Оба старика рассмеялись.
— Теперь я приехал, — продолжал граф, — засвидетельствовать вам мое уважение и поздравить…
— С чем?
— С двумя счастливыми обстоятельствами.
— Даже с двумя?
— Во-первых, с производством в домохозяева вон того молодца, который от радости, что снял с себя гимназический мундир, готов сломать себе шею…
— С чем же другим хотите вы поздравить меня?
— Второе поздравление, — сказал Юноша, садясь на крыльце, — гораздо важнее, и даже вы еще не знаете об этом…
— Вот тебе и на!.. Не поел ли скот необгороженную скирду?
— Гораздо хуже, сударыня! Паны подъели у тебя сына.
— Знаю я об этом…
— Не совсем.
— Опять какая-нибудь новость?
— Пан Алексей назначен управителем имения, поверенным и привилегированным другом Карлинских…
Дробицкая взглянула на сына и спросила:
— Что это значит?
— Так точно, милая маменька, я буду управлять имениями… Карлинских.

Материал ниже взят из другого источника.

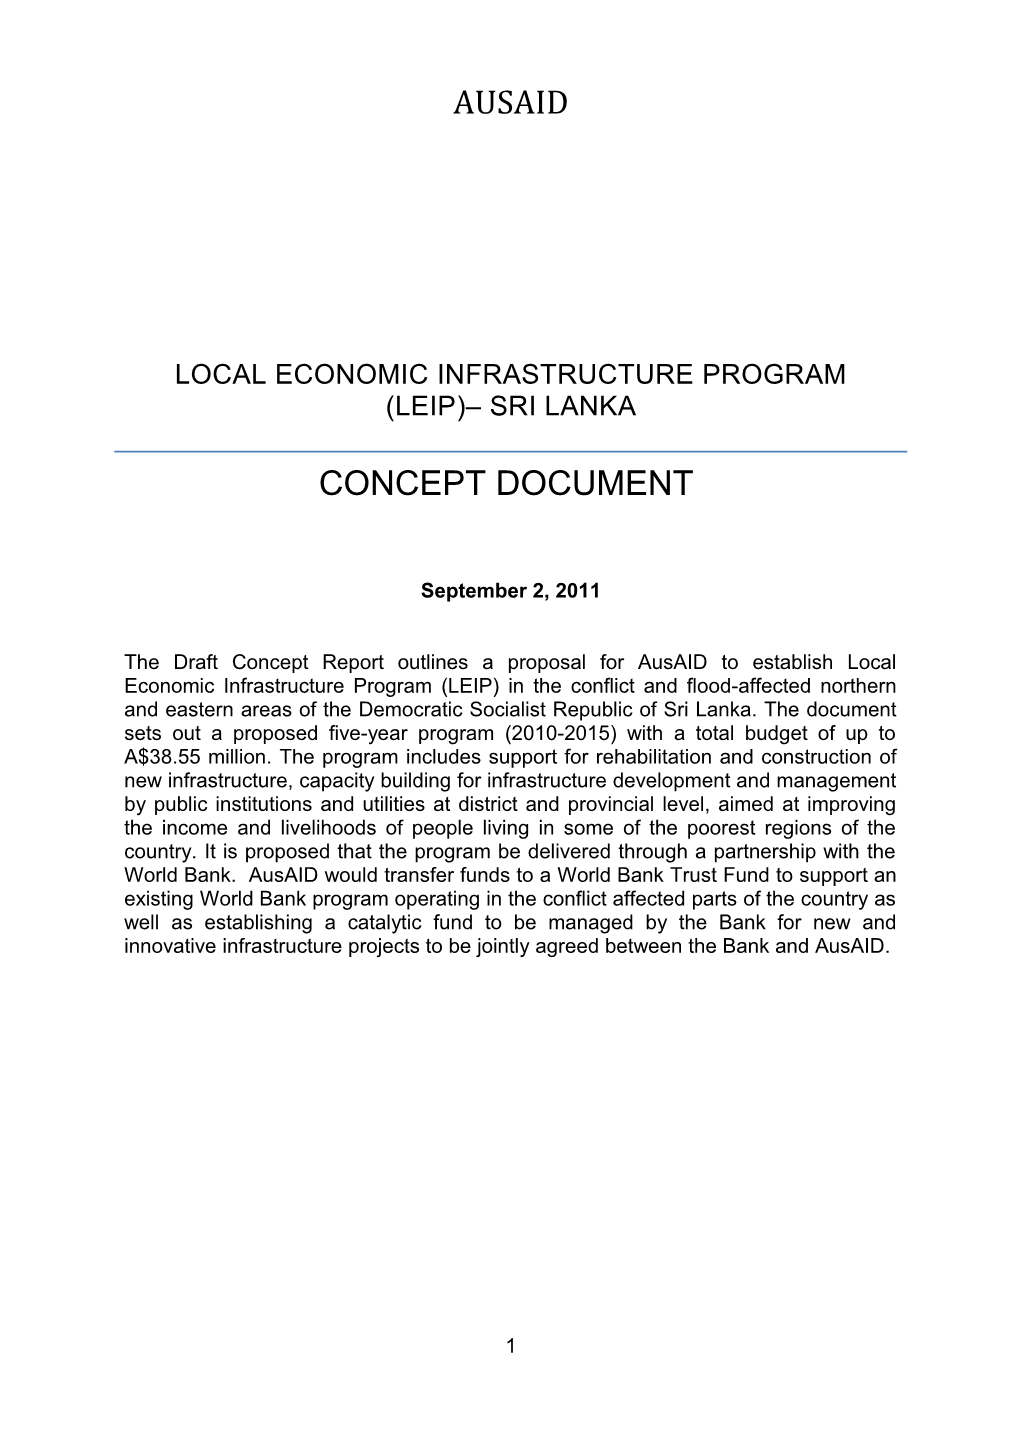 LOCAL ECONOMIC INFRASTRUCTURE PROGRAM (LEIP) Report Concept Design SRI LANKA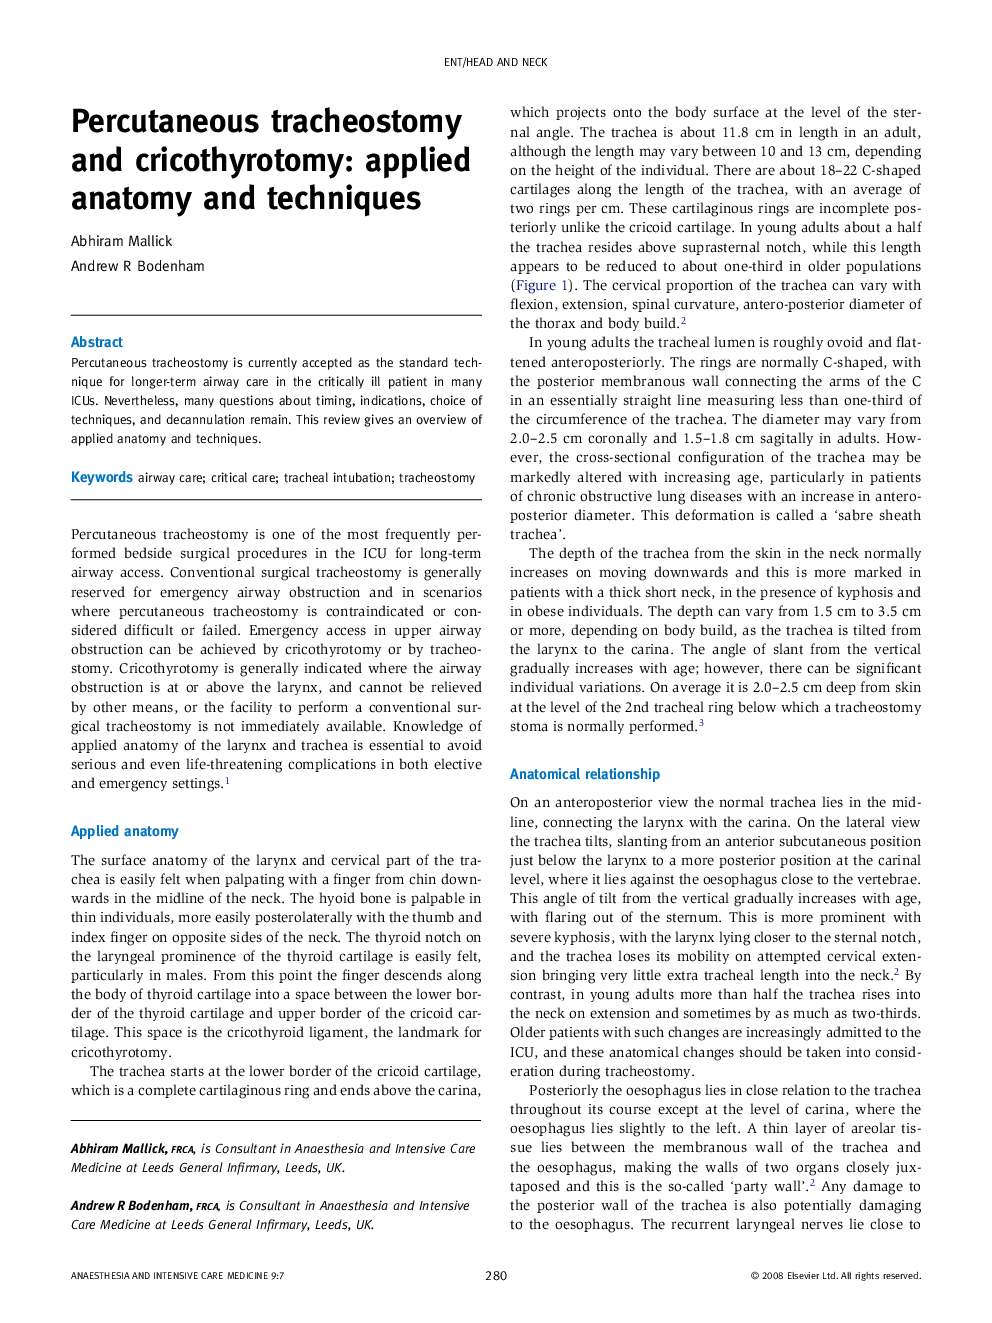 Percutaneous tracheostomy and cricothyrotomy: applied anatomy and techniques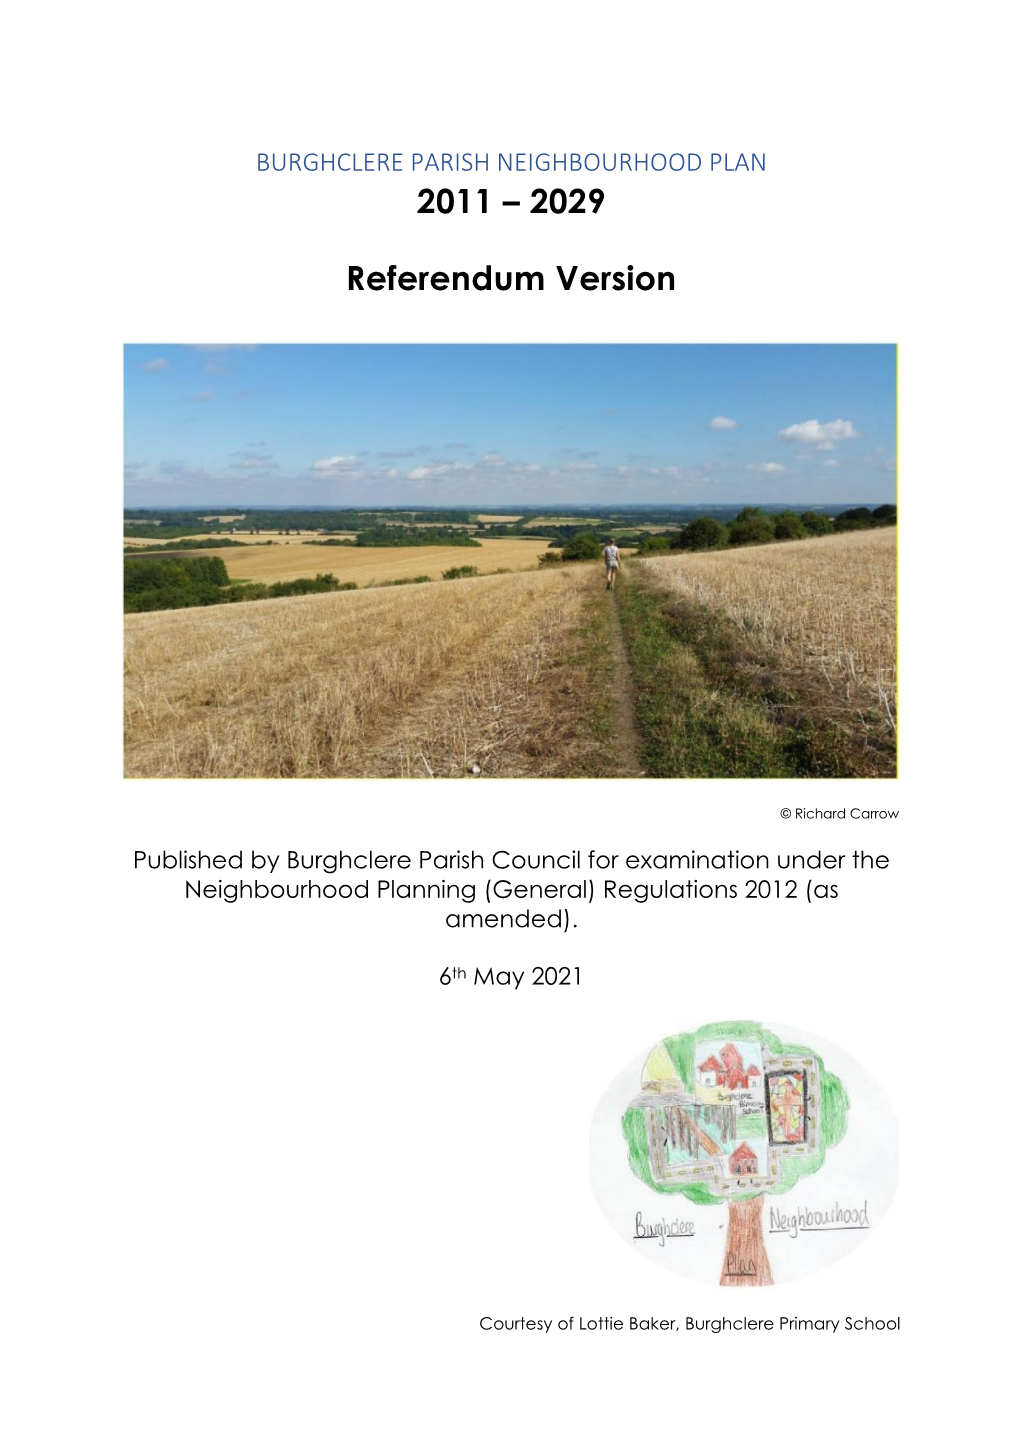 2. Referendum Version of the Burghclere Neighbourhood Plan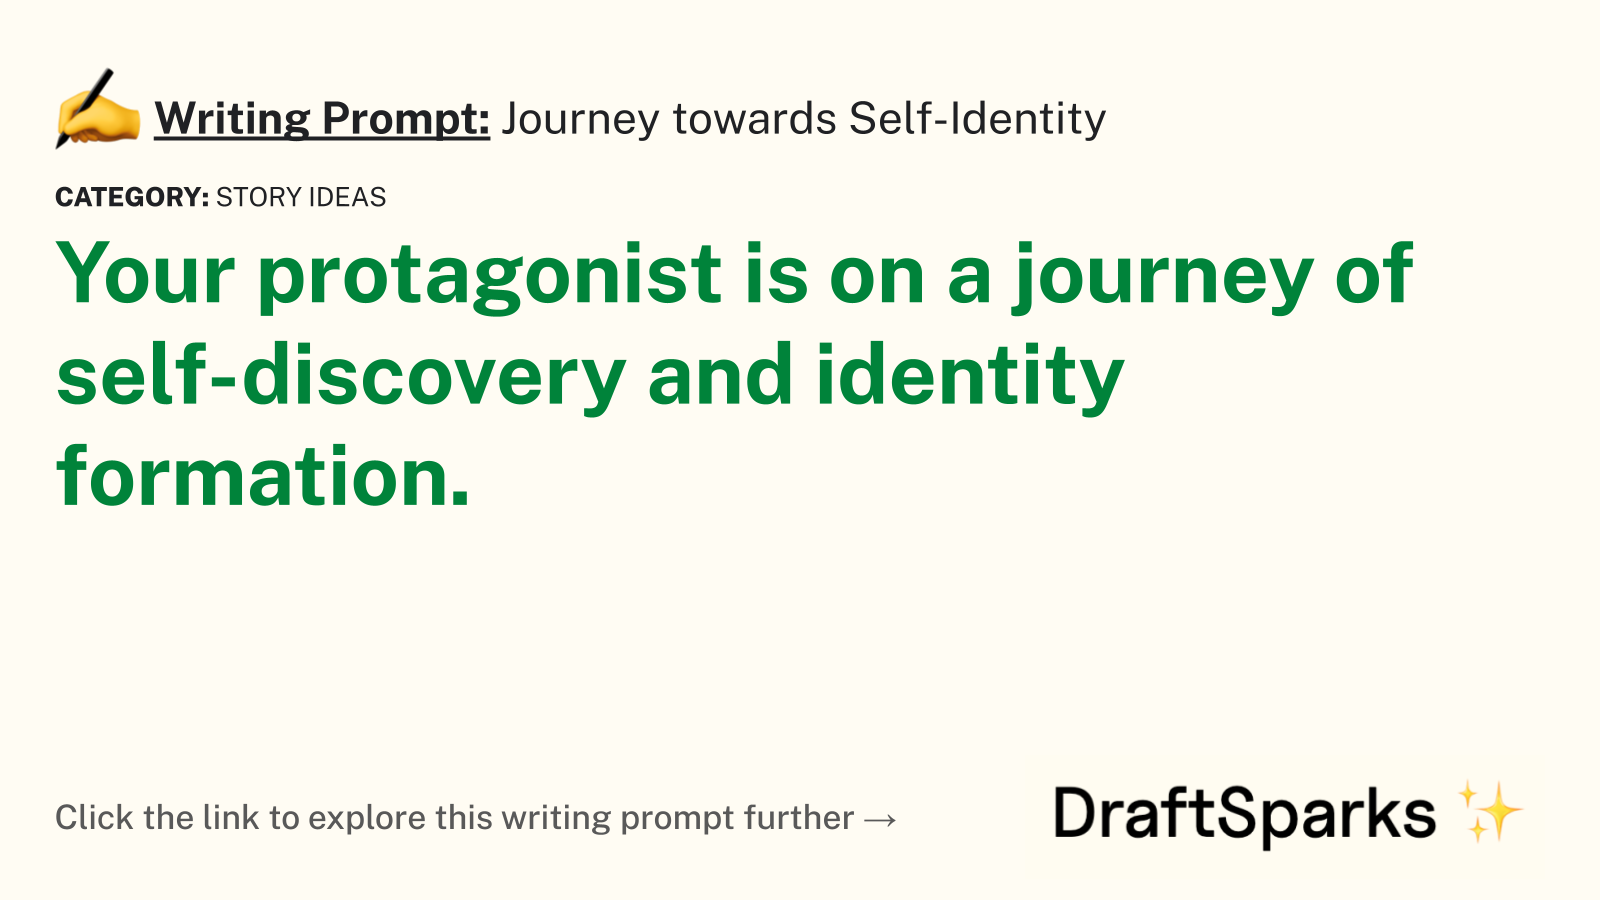 Journey towards Self-Identity

Ултайский возвышает цену за свой участок, гораздо больше я заработаю для вас на новой должности, нежели на этой ничтожной аренде.
— Ну, уж забил же он себе вздор в голову! — воскликнула мать, всплеснув руками. — Да он прямо идет к погибели…
— Да что тут худого? — спросил граф.
— И вы еще спрашиваете? — грозно отвечала вдова. — Даже, пожалуй, готовы уверять, что это хорошо?.. Да зачем же вы надели свою сермягу? Видно, для того только, чтобы под нею легче обманывать простаков? Неужели вы, в самом деле, полагаете, что для моего сына большое счастье — из свободного человека сделаться слугою на жалованьи?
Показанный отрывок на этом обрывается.